May Allah reward you for accepting the guidance of Islam and I pray that you can do what is right regarding your family, according to the pleasure of Allah and the sunna of His Messenger (Allah bless him and give him peace).

Cutting Ties

Jubair bin Mut’im reported on the authority of his father that Allah’s Messenger (Allah bless him and give him peace) said, “The severer would not enter Paradise.” Ibn Umar said that Sufyan (explained it as): ‘One who severs the tie of kinship would not enter Paradise.’” [Muslim] This means that you can’t cut them off completely, but keep a minimal relationship with them.

Protect Yourself

The Prophet (Allah bless him and give him peace) said, “There should be neither harming nor reciprocating harm.” [Ibn Maja] As I don’t know what your reasons are, I recommend that you minimize contact to protect yourself from them instead of cutting ties of kinship completely. Send messages once in a while. Call occasionally, especially if someone is sick or needs something from you. Time, forgiveness, and du’a, by Allah’s grace, will improve things, and I pray that you can eventually have a normal relationship with them.

Plan to Forgive

I encourage you to be kind to them in your minimal interactions while protecting yourself at the same time and planning to forgive them eventually. Abdullah ibn al-‘Aas reported that the Prophet (Allah bless him and give him peace) said, “Show mercy and you will be shown mercy. Forgive and Allah will forgive you. Woe to the vessels that catch words (i.e. the ears). Woe to those who persist and consciously continue in what they are doing.” [Sahih Albani]

Turn to Allah

Keep your hopes up and do your part with Allah. Keep up your prayers, read Quran daily, increase your knowledge of religion, make dhikr and stay away from the haram.  Know that Allah’s promise is true in the Quran: “And whosoever fears Allah and keeps his duty to Him, He will make a way for him to get out (from every difficulty). And He will provide for him from sources he never could imagine. And whosoever puts his trust in Allah, then He will suffice him.
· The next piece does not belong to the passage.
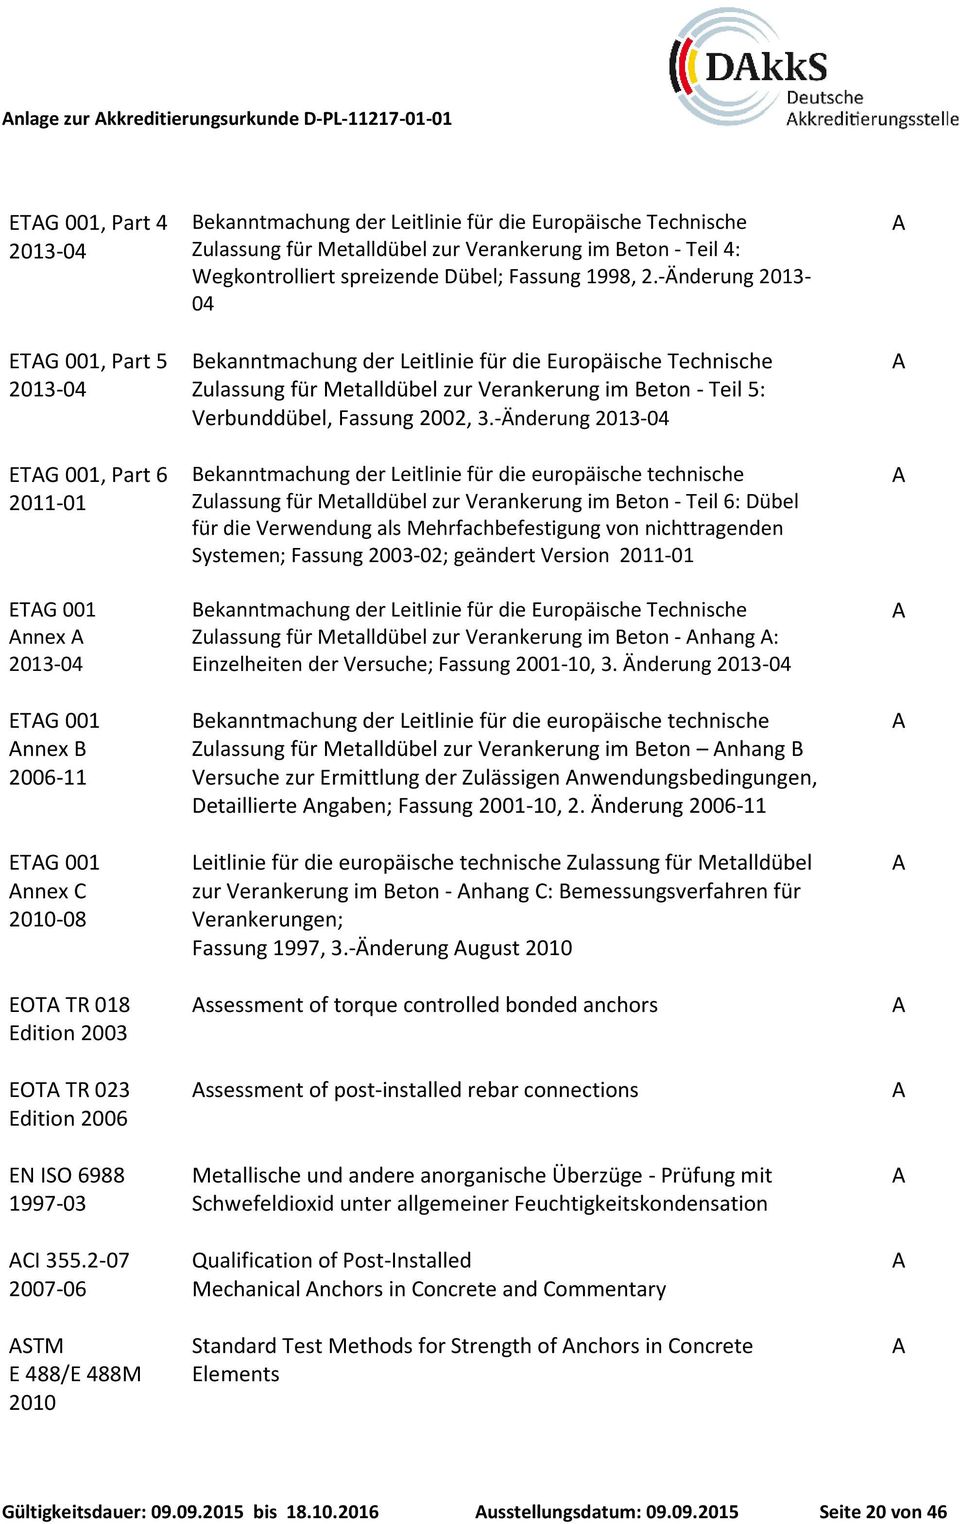 2-07 2007-06 STM E 488/E 488M 2010 ekanntmachung der Leitlinie für die Europäische Technische Zulassung für Metalldübel zur Verankerung im eton - Teil 4: Wegkontrolliert spreizende Dübel; Fassung

Verily, Allah will accomplish His purpose. Indeed Allah has set a measure for all things.” [Quran, 65:2-3]

Please see these links for more details on cutting ties of kinship:
What is the Minimum Amount of Relationship I Have to Keep with a Relative I Hate?
How Do We Maintain Family Ties With Bloodthirsty Relatives?
Is It Bad That I Do Not Love My Mother Because of All the Stress That She Gives Me?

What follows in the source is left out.